The thicket of regulations that businesses must comply with before beginning operations causes those costs to mount rapidly. Policies designed to weed out unnecessary regulations would be a more effective way to lower startup costs.
4. Expensing Helps in the Long Term
Since the beginning of 2011, businesses of all sizes have been able to deduct 100 percent of the cost of investments from their taxable income immediately. This policy is known as expensing.
Expensing is the proper treatment of capital expenditures. The cumbersome depreciation system usually in place for capital purchases increases the cost of capital by raising its after-tax price. Expensing eliminates the tax-imposed price increase and returns the cost of capital to its market level.
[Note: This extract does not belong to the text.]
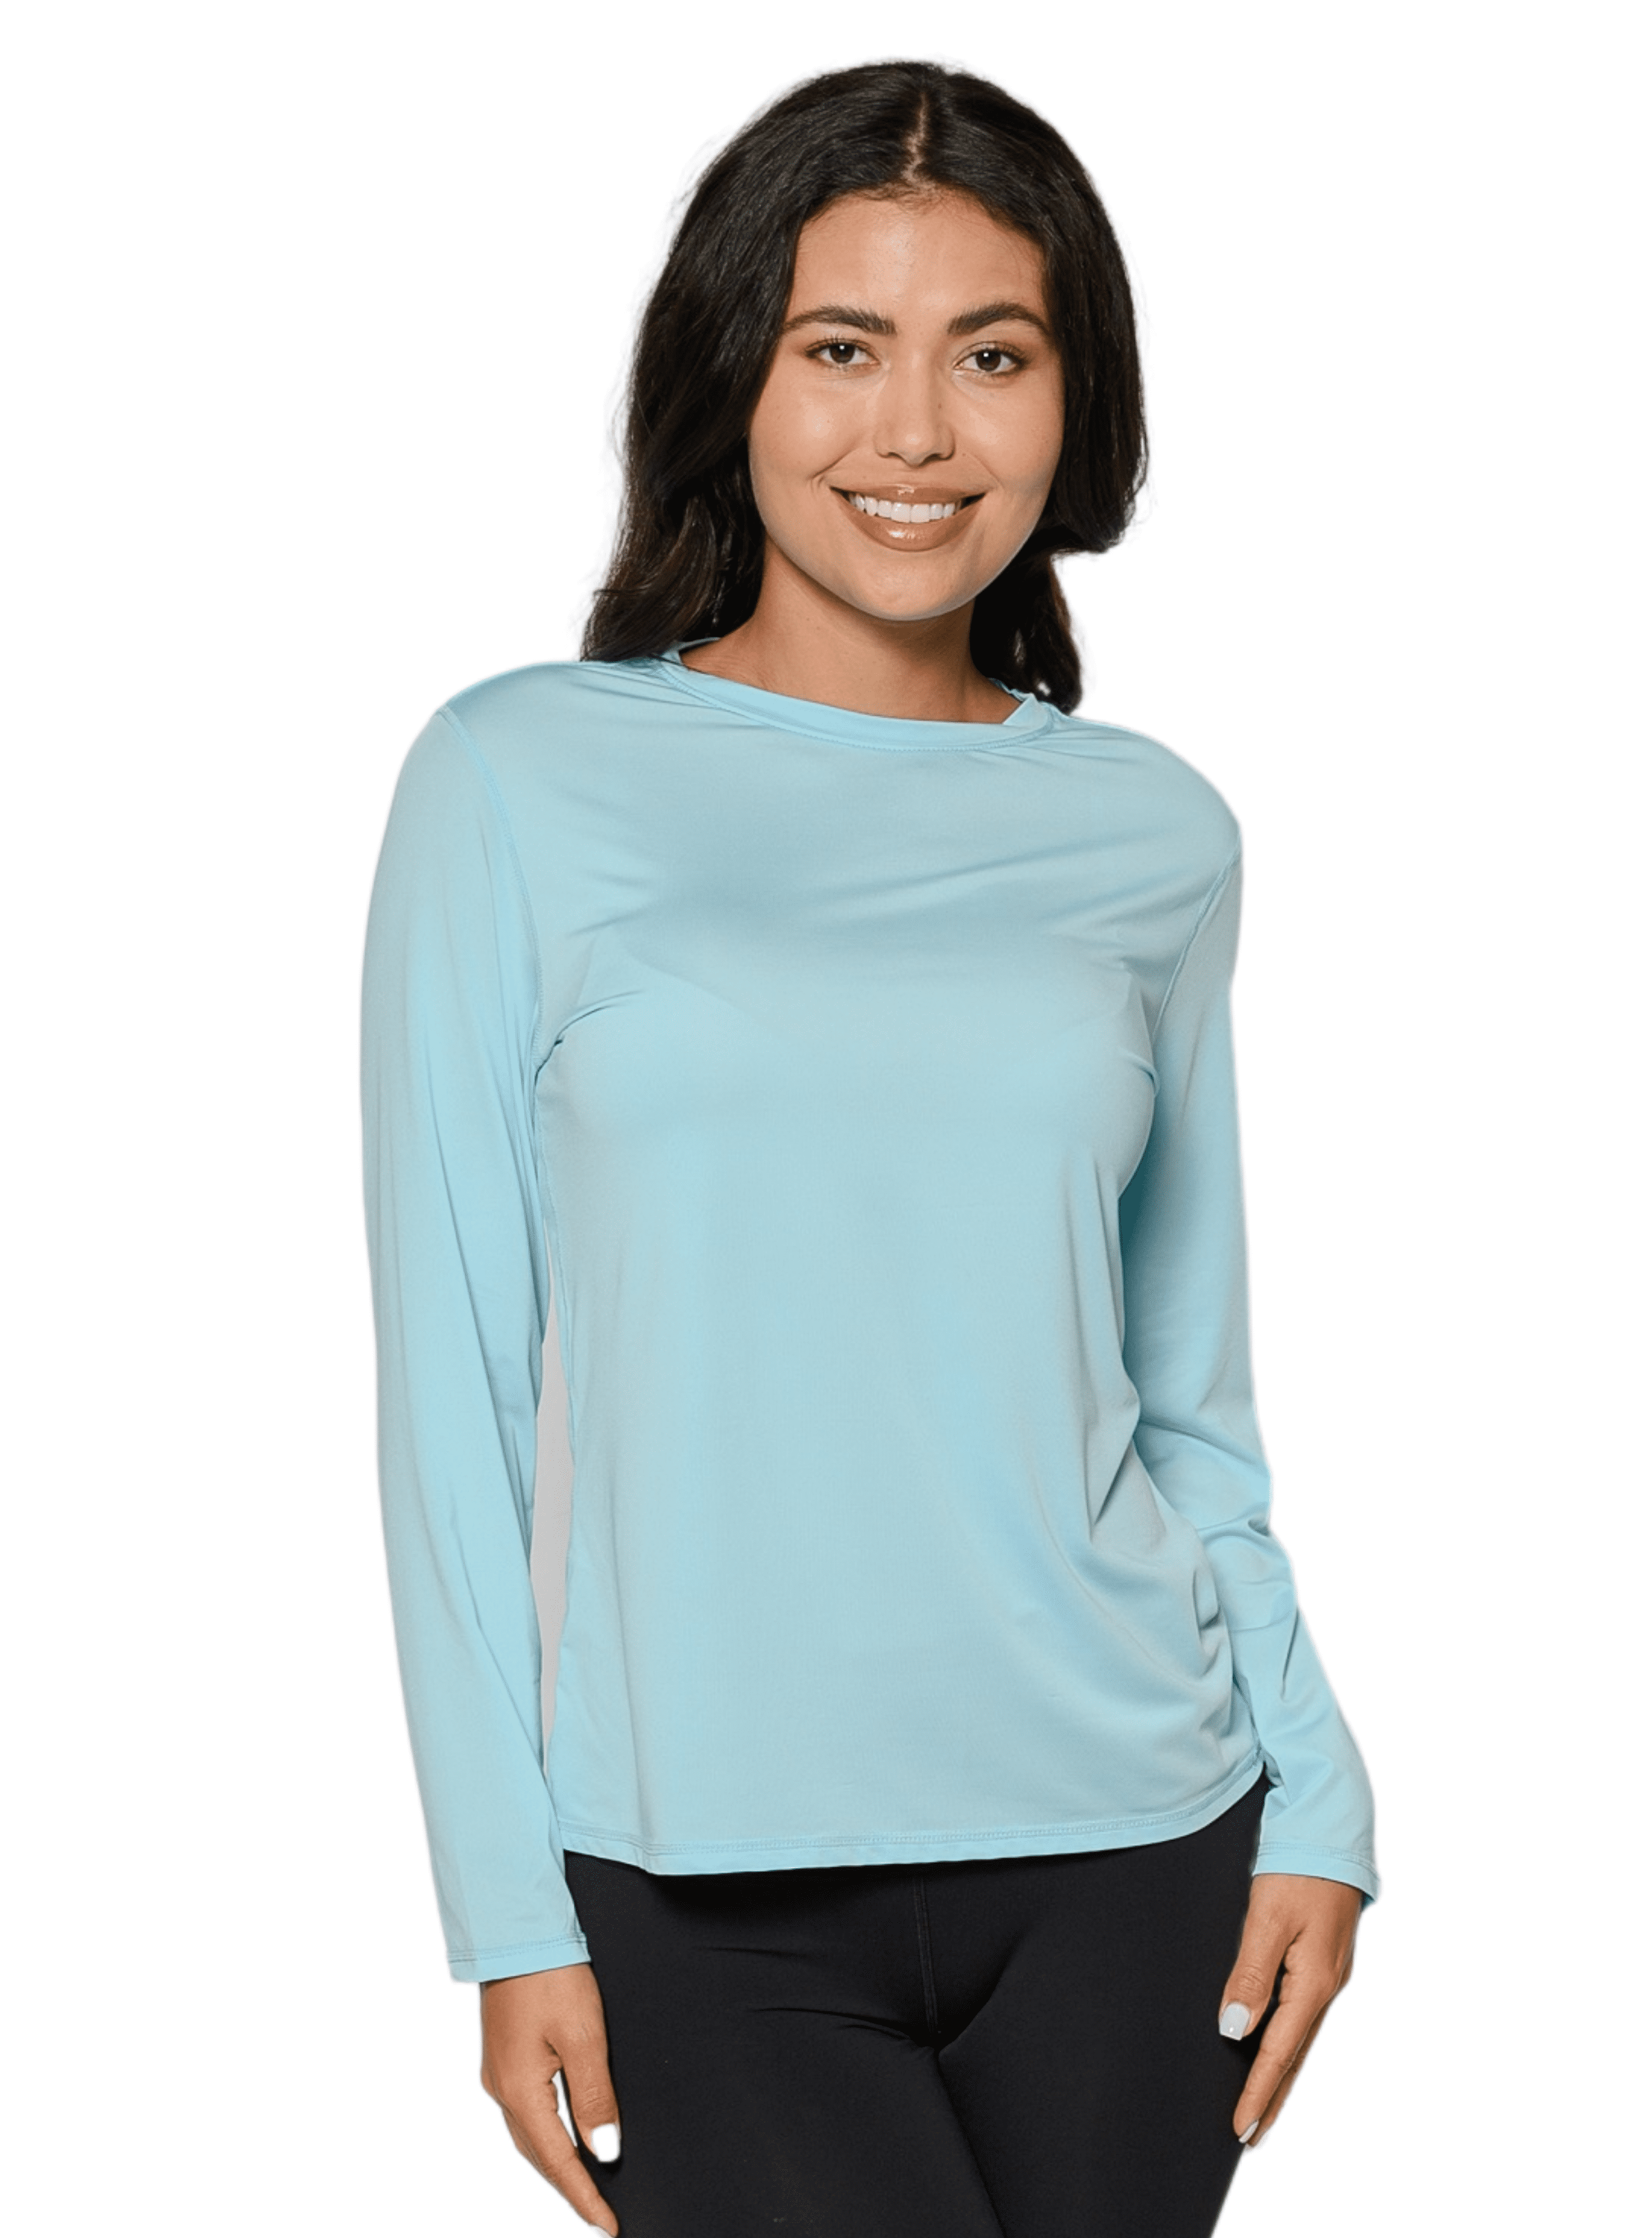 KEFITEVD Quick Dry Women's UPF 50+ Long Sleeve T-Shirts Skin Sun/UV  Protection Swim Outdoor Hiking Shirts Tops Girls Ladies
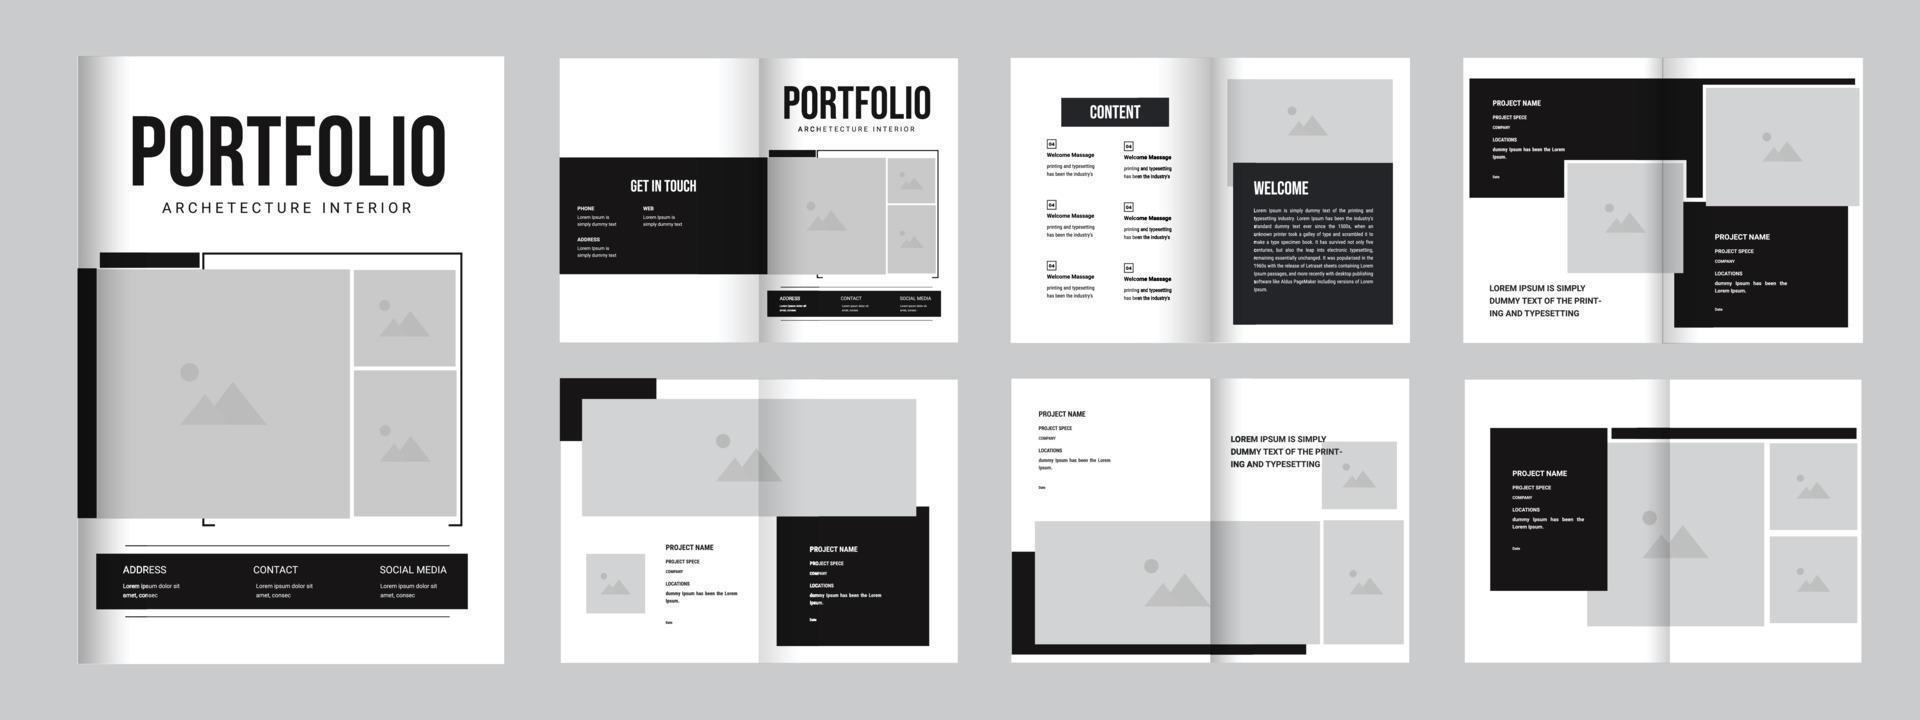 Architecture portfolio or portfolio template design, A4 size professional portfolio template vector

The temporary expensing policy expires at the end of February with the payroll tax holiday. President Obama proposes to keep it in place through the end of the year. Congress should adopt this proposal and then work to make it permanent as part of fundamental tax reform. Expensing will not cause an immediate job boom, but it will set up the economy for stronger job creation.
Bold Reform Needed
President Obama’s tax policies in his Startup America Initiative do nothing more than nibble around the edge of the serious burden that taxes put on job creation. Only fundamental tax reform that lowers marginal tax rates for all individuals and businesses, removes existing distortions and inequities, and eliminates taxes on saving and investment can completely lift that burden.
Such a bold reform requires leadership from the presidential level. Tax reform will be more difficult to achieve than passing a small collection of ineffectual policies, but the reward for the economy will be an abundance of new jobs far above what the President could hope for from his small-business tax policies.
Curtis S. Dubay is Senior Analyst in Tax Policy in the Thomas A. Roe Institute for Economic Policy Studies at The Heritage Foundation.